◆ **Dataset extract**:
>>
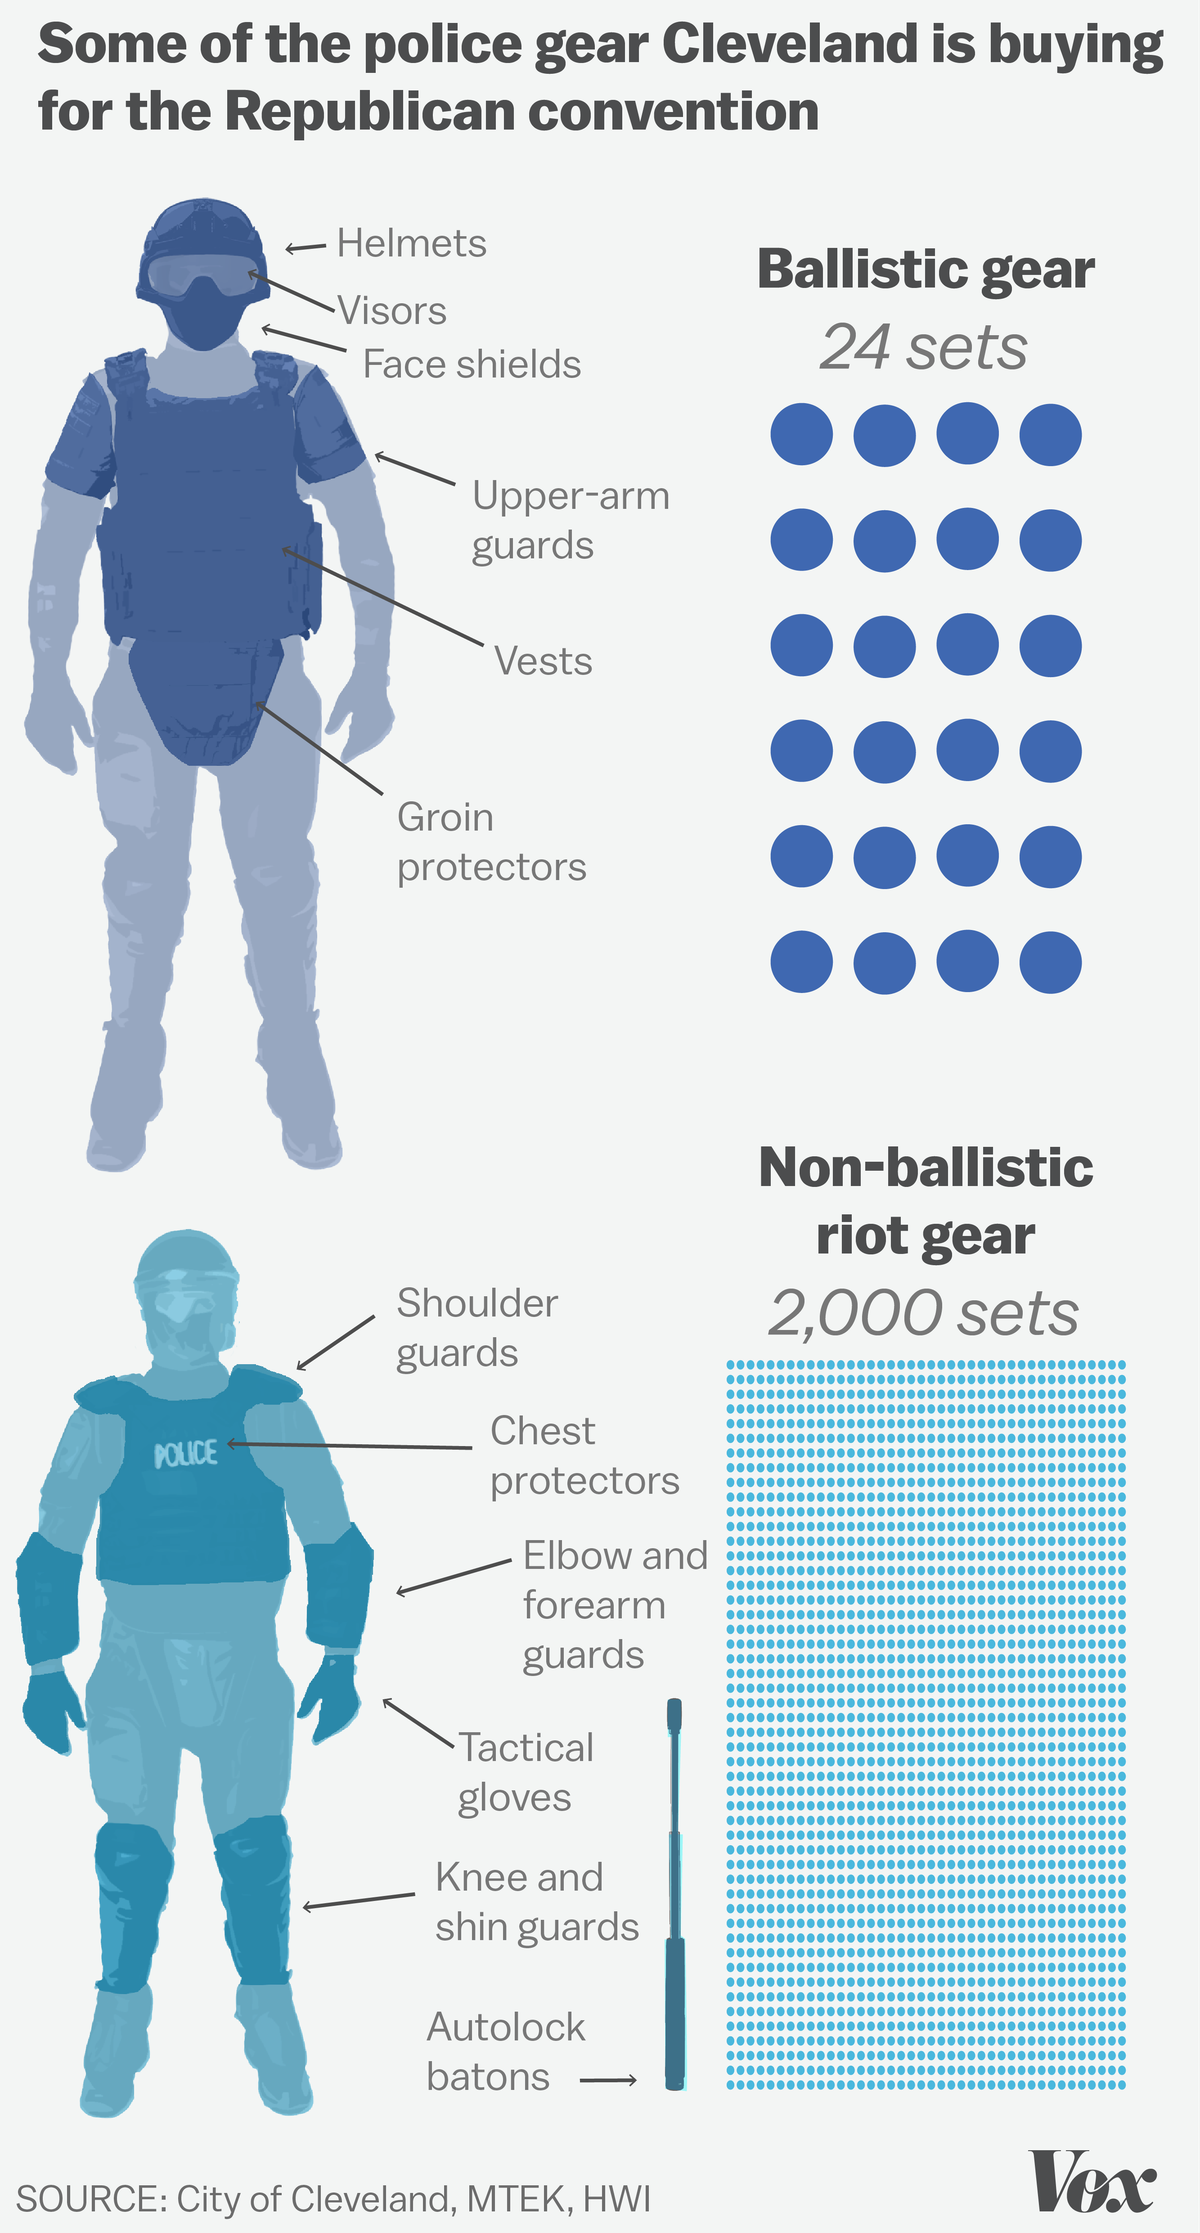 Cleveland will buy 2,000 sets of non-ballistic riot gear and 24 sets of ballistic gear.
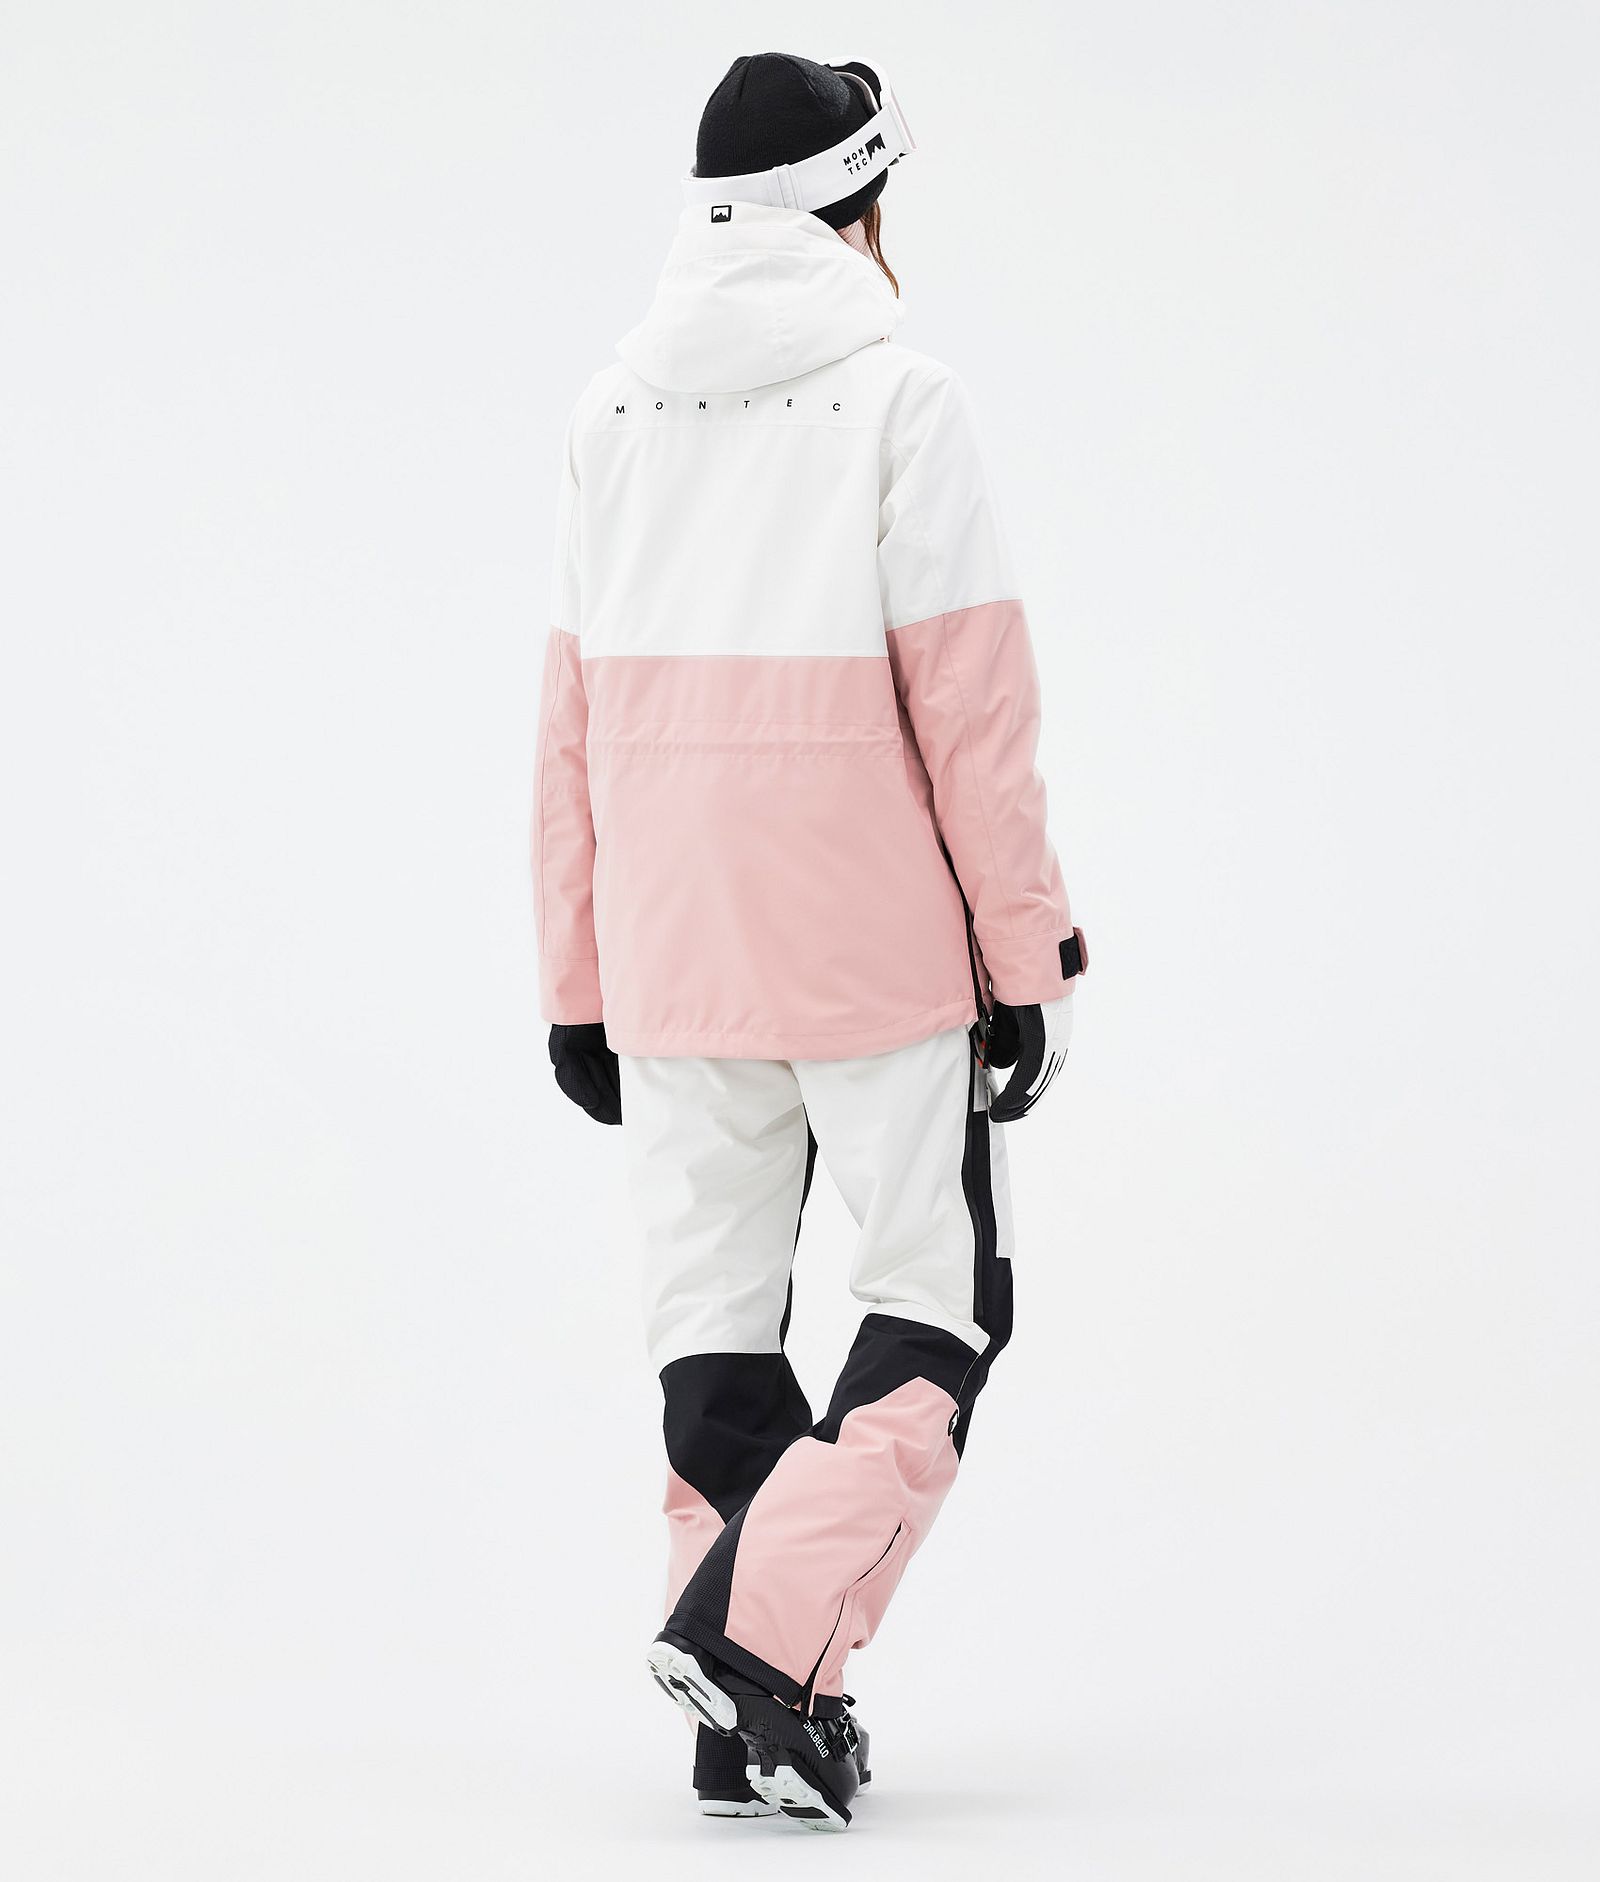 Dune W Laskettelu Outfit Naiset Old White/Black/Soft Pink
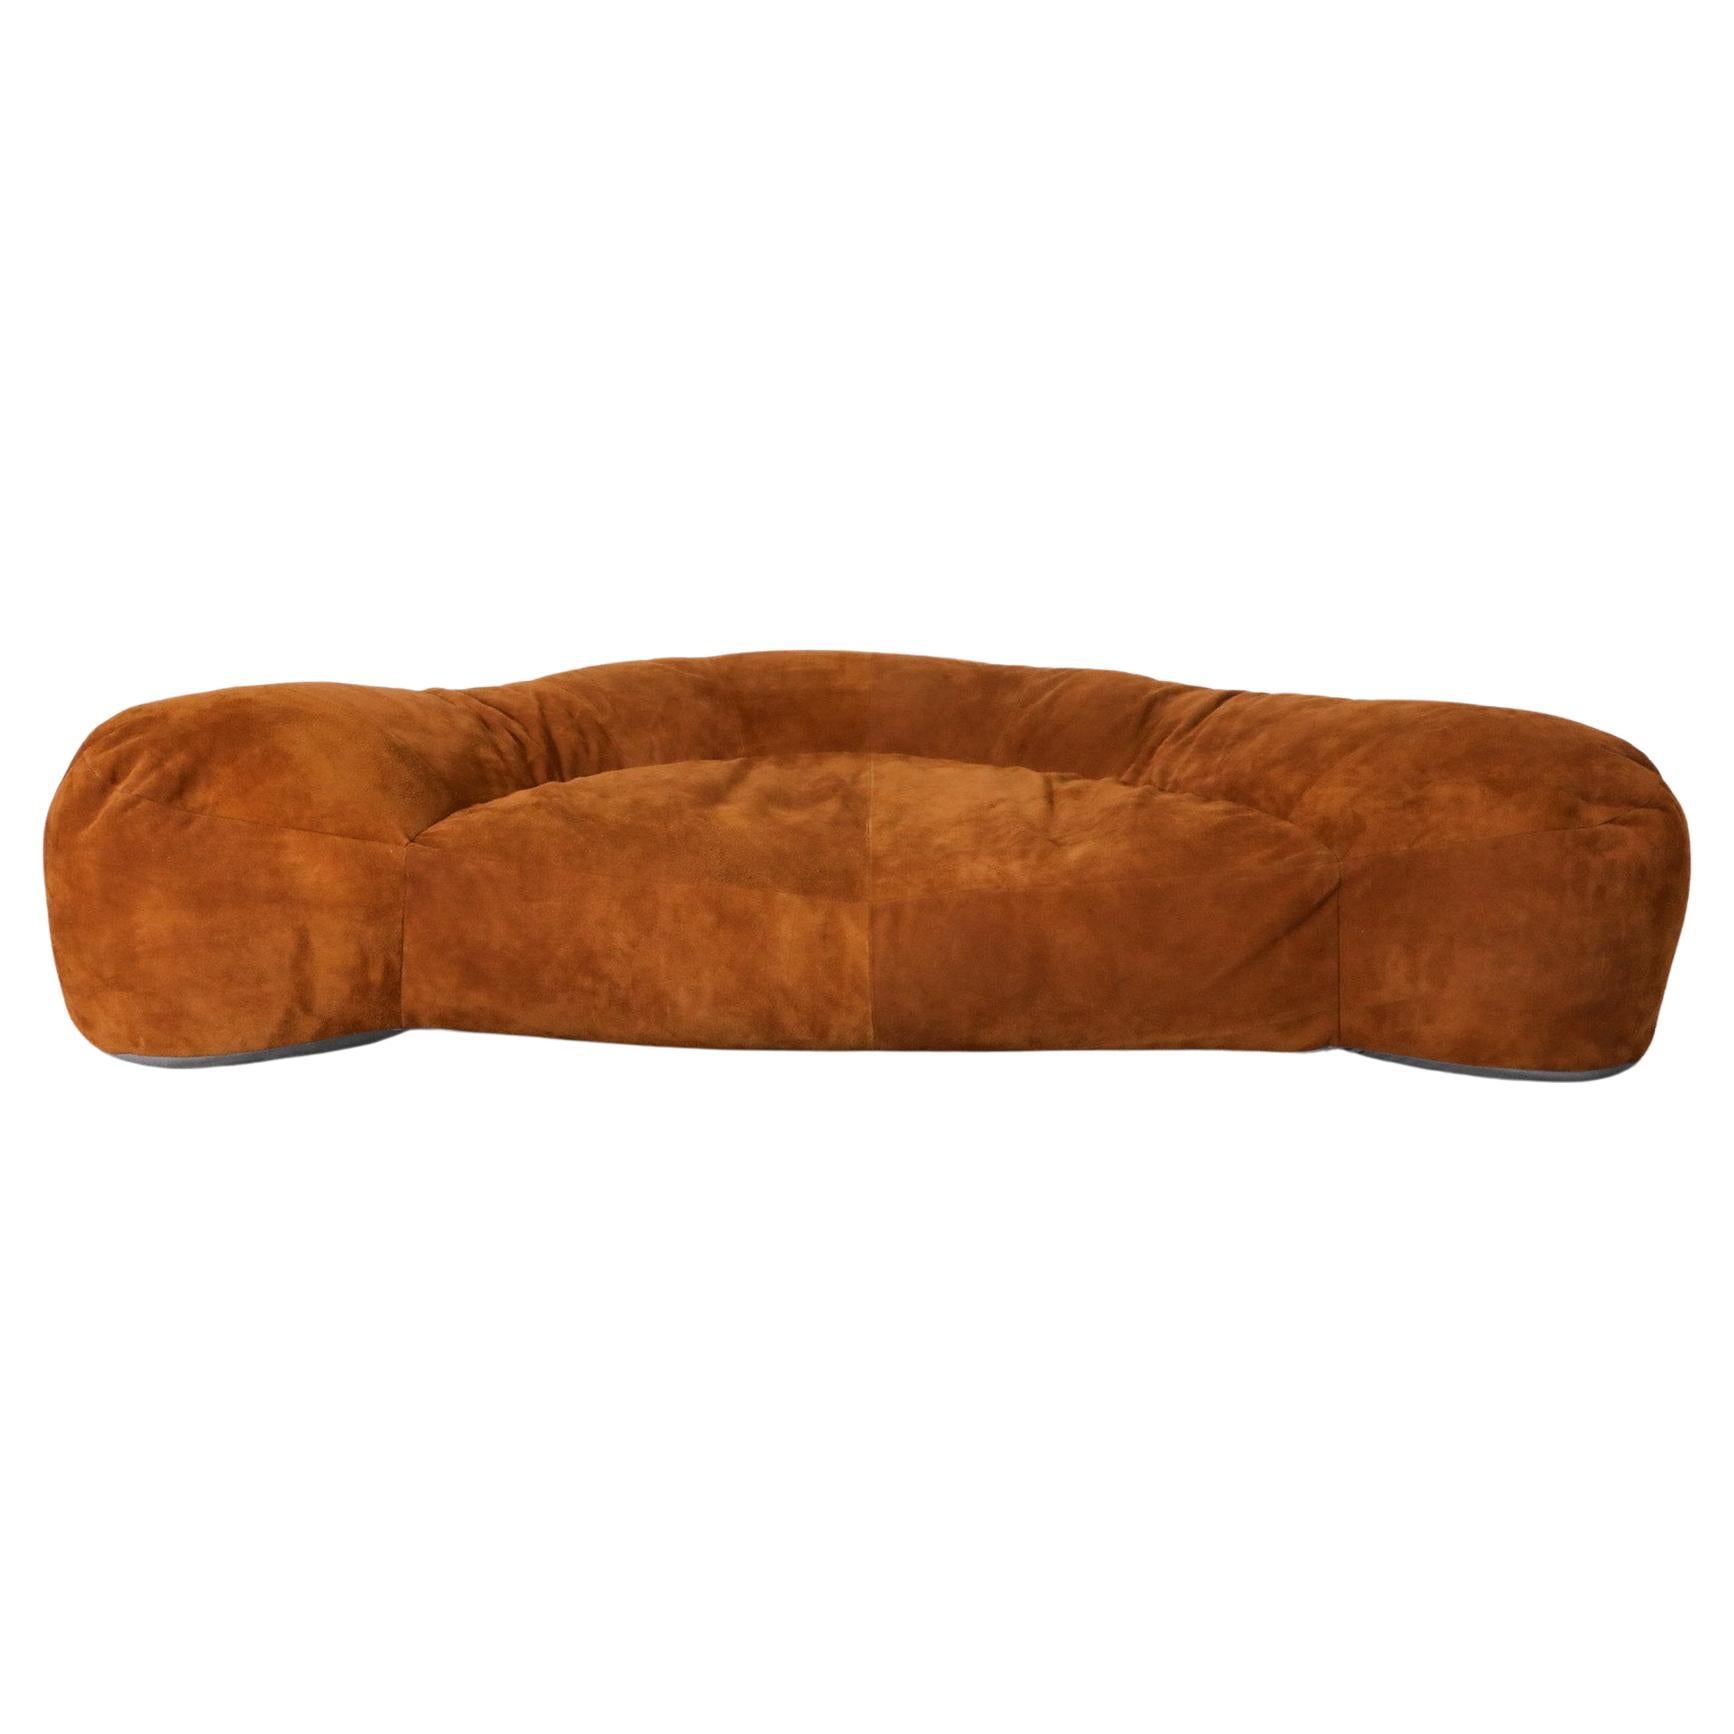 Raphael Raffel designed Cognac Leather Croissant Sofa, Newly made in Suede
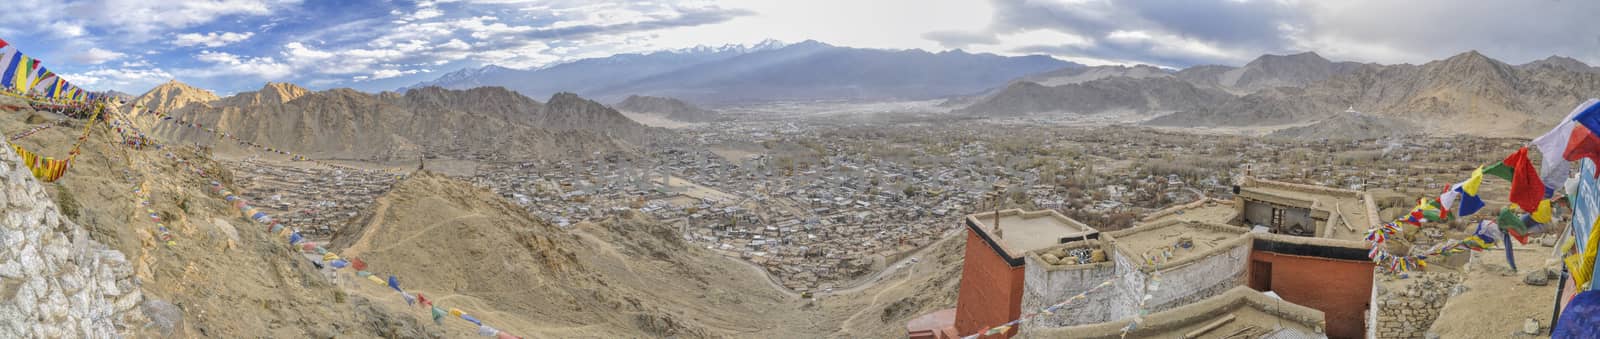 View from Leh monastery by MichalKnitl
<<
◆ **What the task asks**: From the line with "Raphael Raffel designed" through the final line of the data above, copy everything exactly, both ends included, but not the pictures.

◆ **Finished task**:
 Raphael Raffel designed Cognac Leather Croissant Sofa, Newly made in Suede
 View from Leh monastery by MichalKnitl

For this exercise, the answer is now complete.